[[ INFORMATION SUPPLIED, beginning ]]

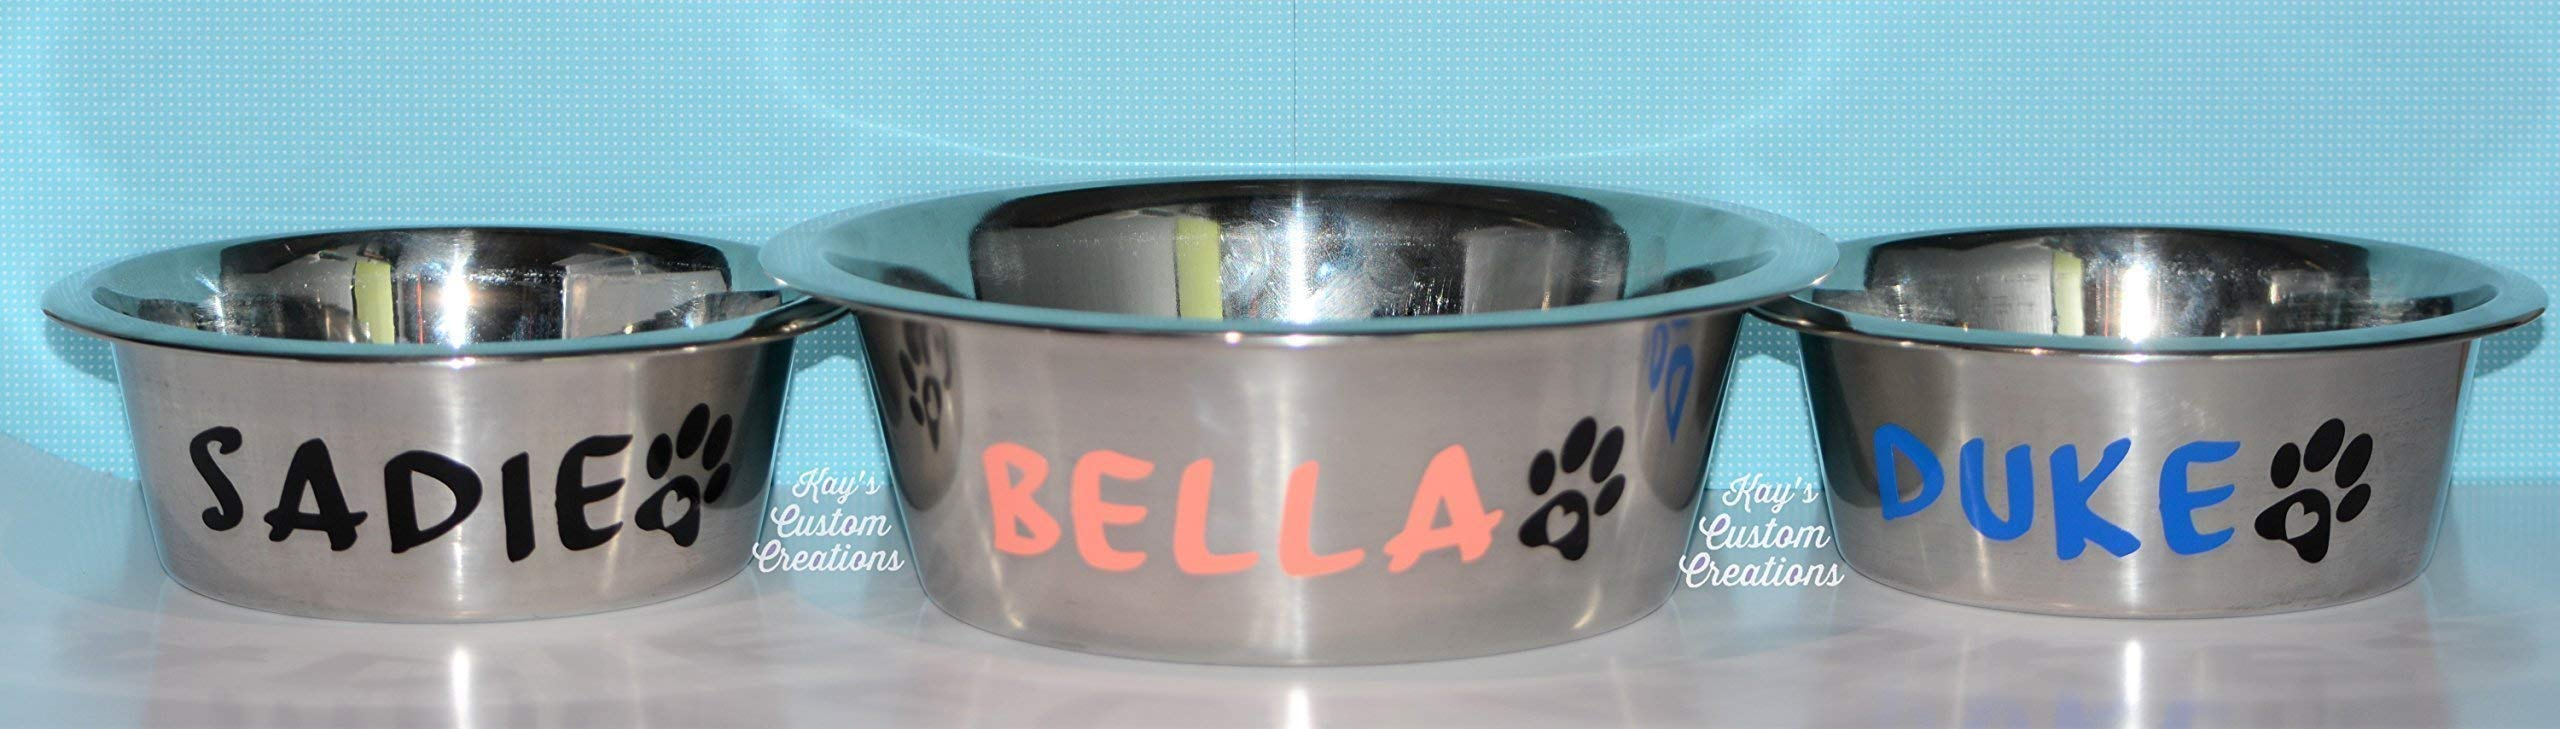 Custom Stainless Steel Pet Bowls
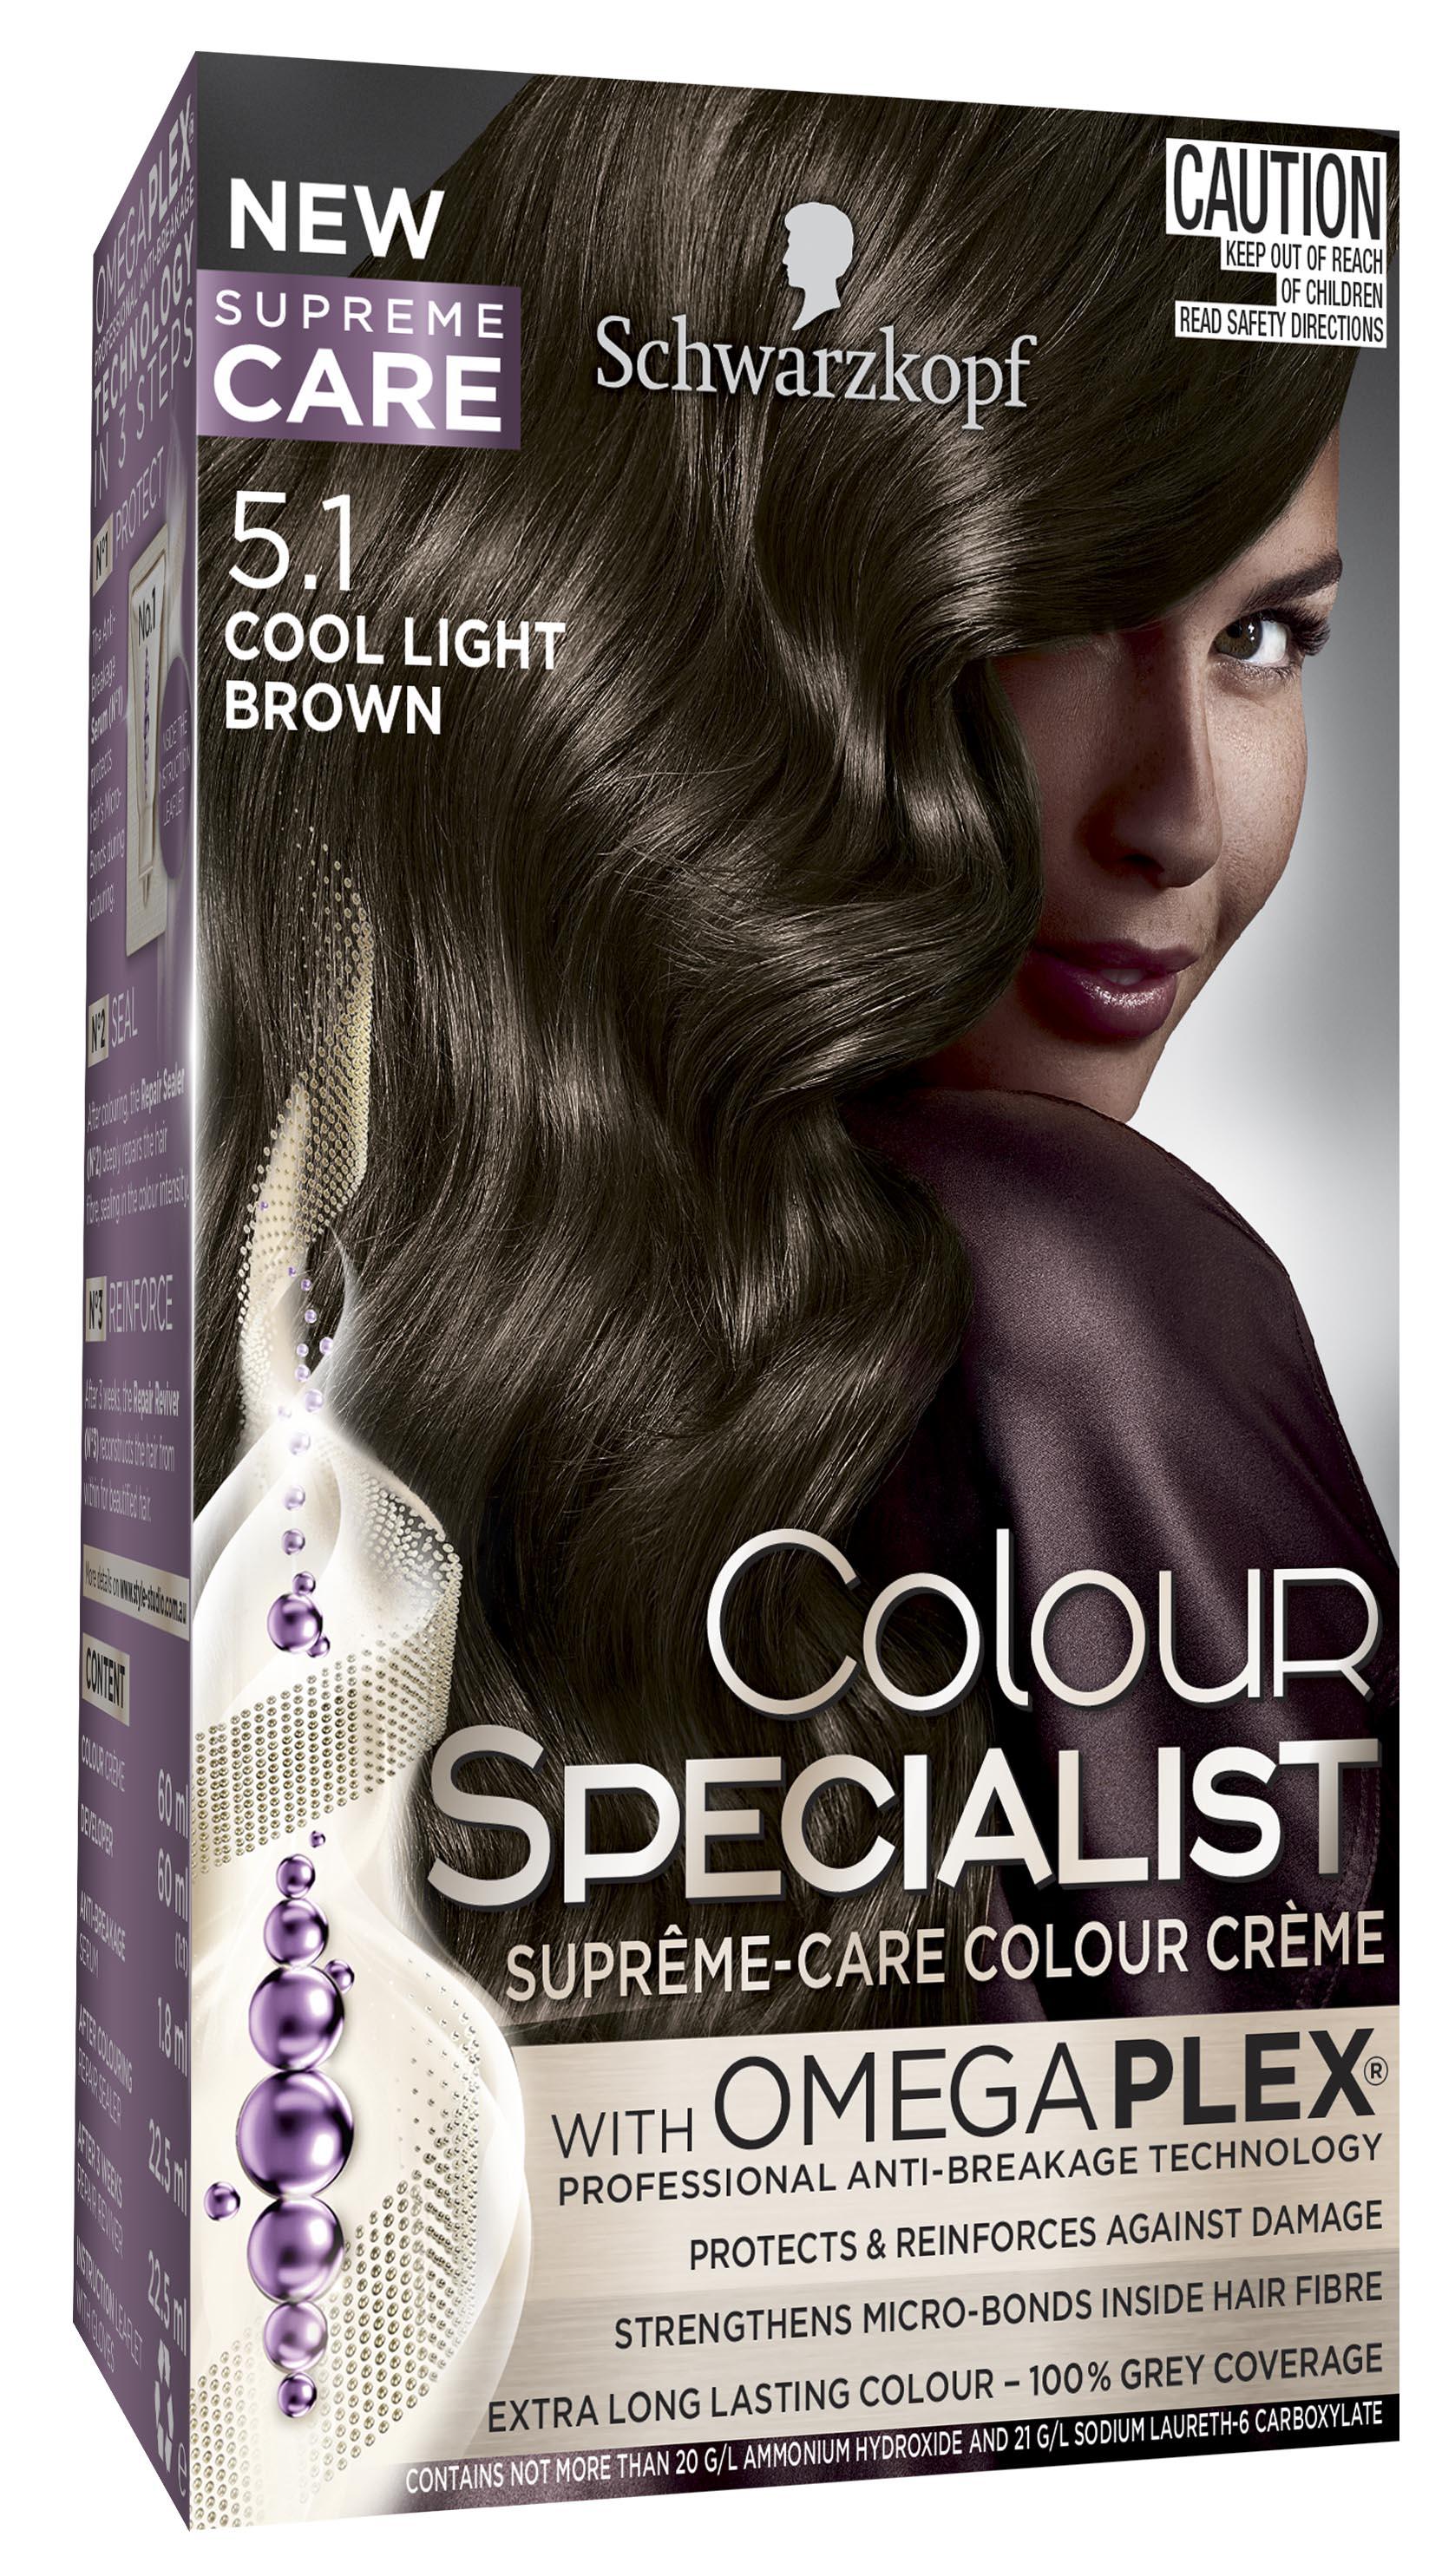 Colour Specialist 51 Cool Light Brown 3D LF-0040884
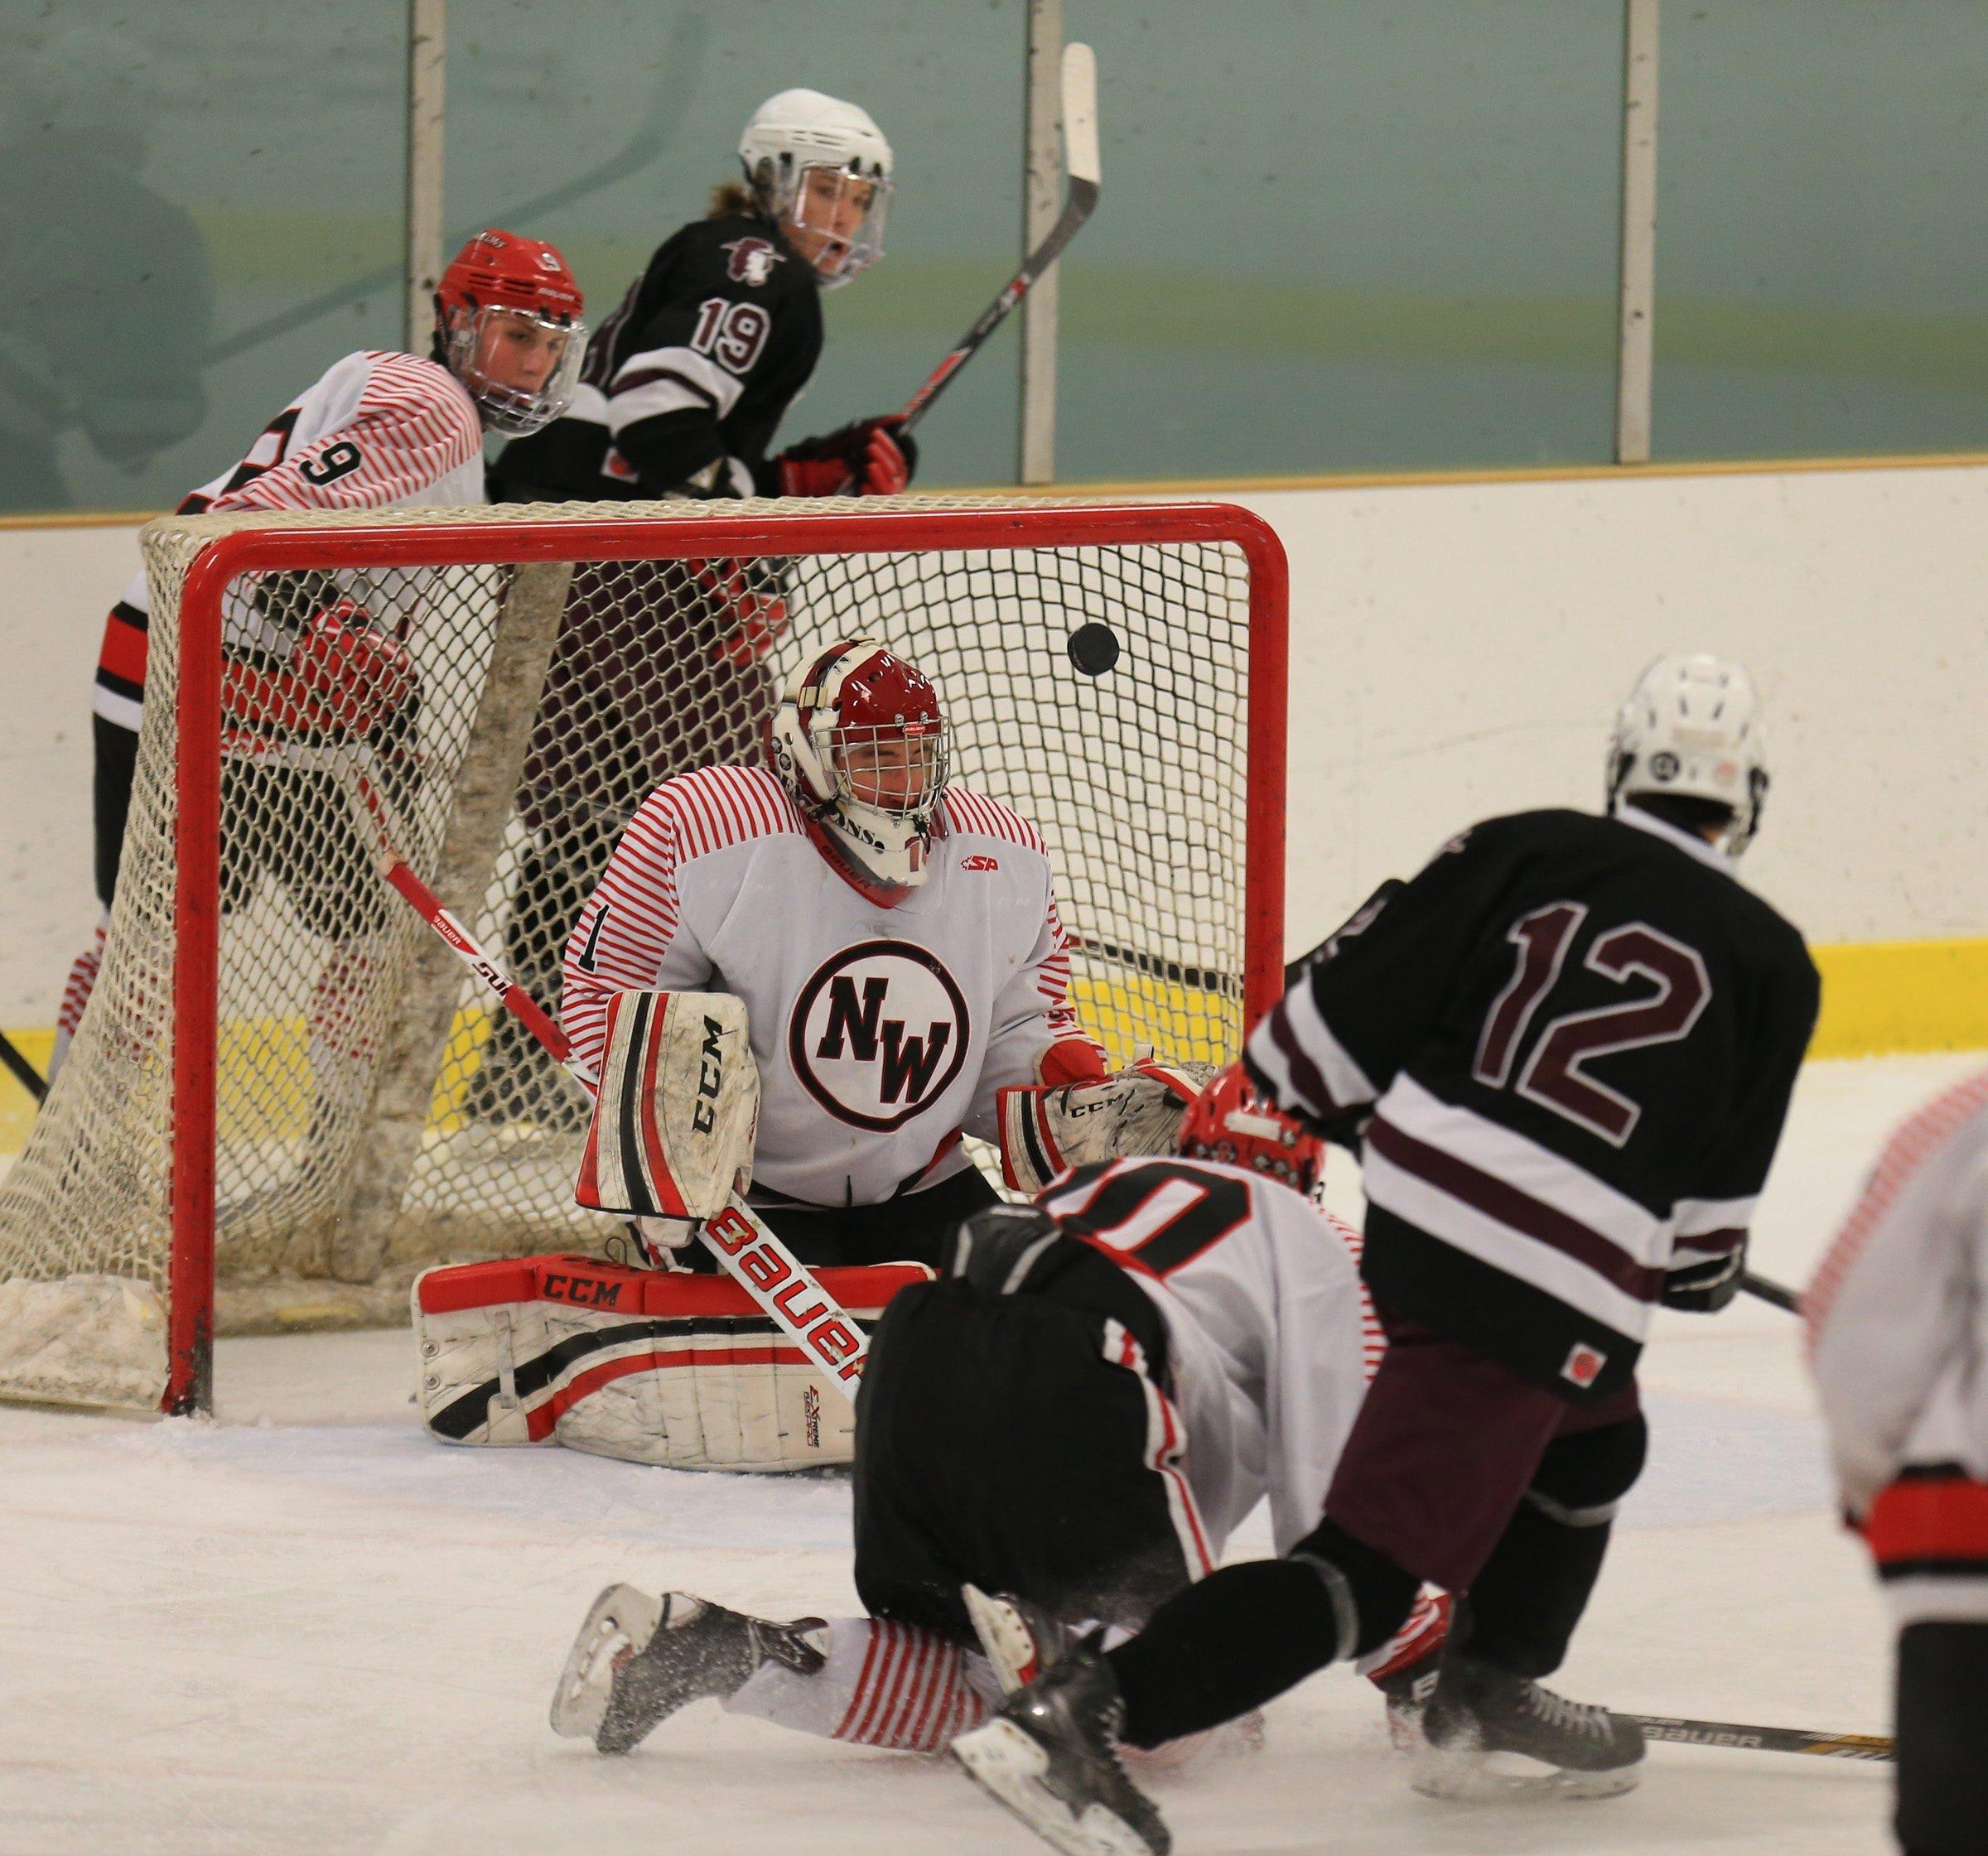 Orchard Park's Zach Biasillo (12) scores on  Niagara-Wheatfield goaltender Casey Wall during first-period action Saturday.

[[ INFORMATION SUPPLIED, end ]]

__WHAT YOU HAVE TO DO__. Without the images, write out each line of the data verbatim.

__WRITTEN RESPONSE__.
 Custom Stainless Steel Pet Bowls
 Colour Specialist 51 Cool Light Brown 3D LF-0040884
 Orchard Park's Zach Biasillo (12) scores on  Niagara-Wheatfield goaltender Casey Wall during first-period action Saturday.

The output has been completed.